Литмир - Электронная Библиотека
A
A

Солдаты, не испытавшие фашистской неволи, завели разговор о трудной и опасной фронтовой жизни.

— Э-э, нет, хлопцы, — ожил Земельный, повернувшись на живот и опершись на локти, — то велики трудности, спору нет. Но на фронте у тебя есть оружие: ты всегда можешь мстить врагу за его зверства. А уж коли умирать придется, то и умереть там легче, бо знаешь за что. Знаешь, что гибнешь за Родину, за всех своих. Так и родным напишут. А вот в лагере умирать куда трудней. Никто и не узнает, где ты сгинул. В лагере нет у тебя ни имени, ни звания человеческого — все отнято. «ОСТ» на груди и номер четырехзначный. Измывается над тобой гад, как хочет, мордует, а ты ему и в глаза плюнуть не можешь: пристрелит на месте, как собаку.

— Обидная смерть, — вздохнул Карпов.

— То так, — согласился Земельный, — но жизнь там была не легче смерти...

— Тише! — крикнул Фролов.

Земельный умолк на полуслове. Все услышали из репродуктора, прикрепленного на крыше, задушевную, трогательную песню. Пели ее хорошо знакомые голоса Бунчикова и Нечаева. Она сразу захватила солдатские сердца, натосковавшиеся по дому:

Давно мы дома не были,
Цветет родная ель,
Как будто в сказке-небыли
За тридевять земель.

— Эх, песня! — громко сказал Таранчик. Он стоял на посту у подъезда и, задрав голову, смотрел на репродуктор, словно надеялся увидеть там исполнителей.

Где елки осыпаются,
Где елочки стоят,
Который год красавицы
Гуляют без ребят.

— Вот пе-есня! — снова не выдержал Таранчик.

— Замолчи ты, бревно: на посту стоишь! — шикнул на него Карпов.

Лети, мечта солдатская,
Напомни обо мне!
Лети, мечта солдатская,
К дивчине самой ласковой,
Что помнит обо мне!

Песня умолкла, а солдаты все еще лежали притихшие, завороженные. Из репродуктора уже неслись звуки новой песни, но она лишь мешала удерживать в памяти только что пропетую, полюбившуюся...

— Ну, Максим, рассказывай дальше, — прервал молчание Журавлев, обращаясь к Земельному.

Грохотало не раз присматривался к Журавлеву: узкие плечи, короткие руки, настороженный взгляд — суслик, и только.
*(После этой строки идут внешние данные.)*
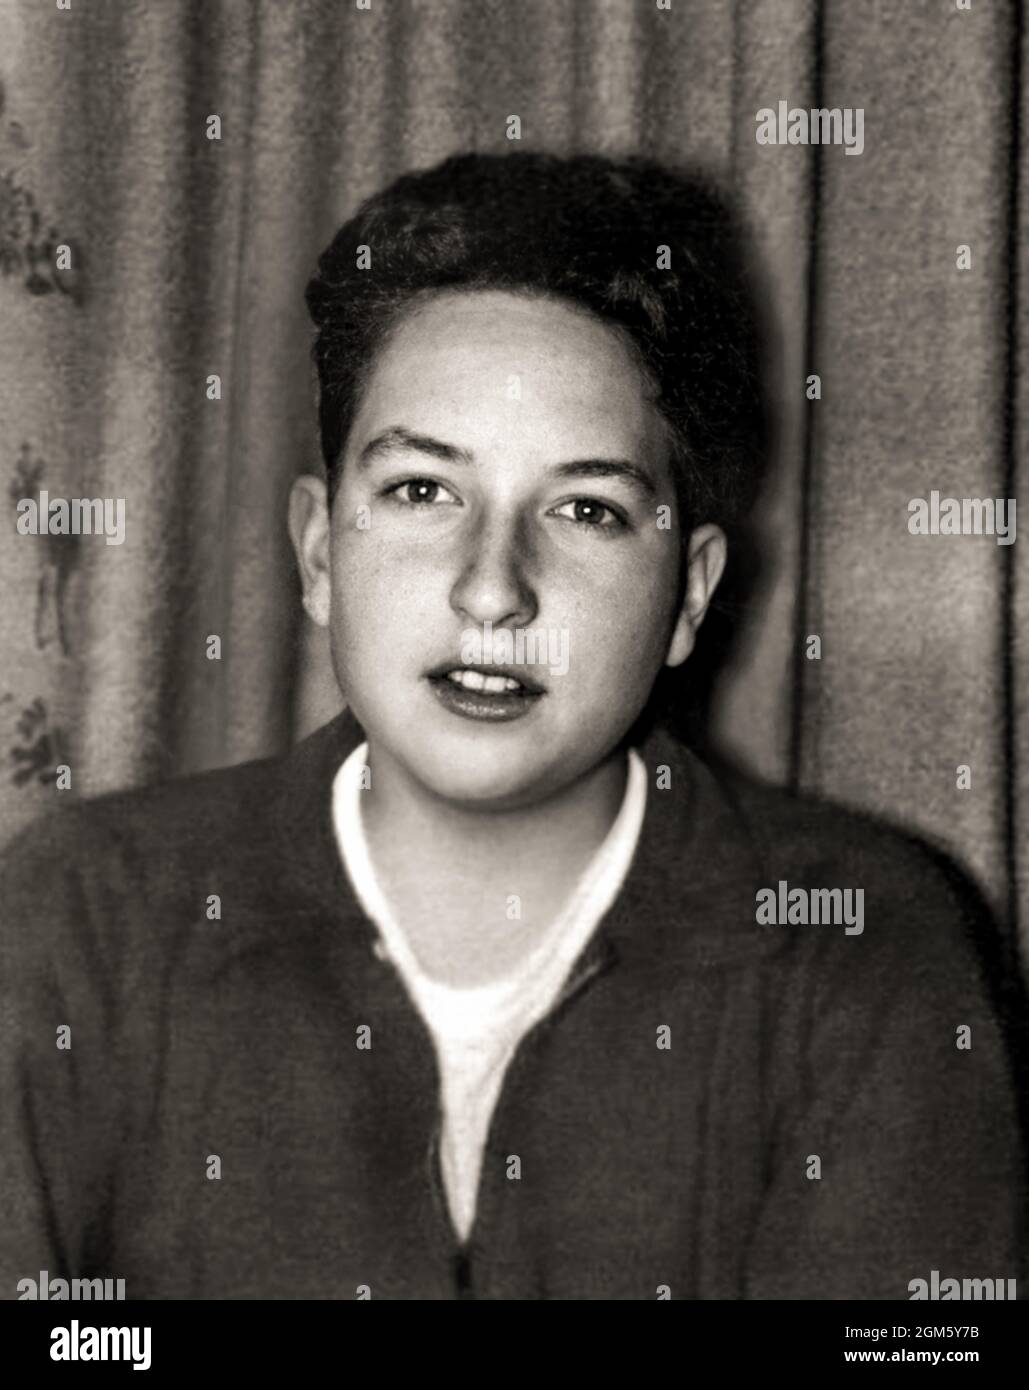 1956 , USA: Le célèbre chanteur et compositeur américain BOB DYLAN ( né en 24 mai 1941 ) quand était un jeune garçon de 15 ans . En 2016, Dylan a reçu le Prix Nobel de littérature . Photographe inconnu. - HISTOIRE - FOTO STORICHE - Personalità da bambino Bambini da giovane - personnalités quand était jeune - FANTAZIA - ENFANCE - BAMBINO - BAMBINI - ENFANTS - ENFANT - MUSIQUE - MUSICA - cantante - COMPOORE - PREMIO NOBEL PER LA LETTERATURA - PORTRAIT - RITRATTO -- - ARCHIVIO GBB Banque D'Images

И отрешиться от этой мысли, от этого образа Володя никак не мог. Журавлев очень любил слушать рассказы бывалых солдат. Был неразговорчив, прижимист, и ни большого добра, ни худа, казалось, никому от него не было.

— Да что рассказывать, — отвечал Земельный, — после такой песни и говорить не хочется: за душу берет.

— Ну, песня песней, а о лагерной жизни интересно и нам знать...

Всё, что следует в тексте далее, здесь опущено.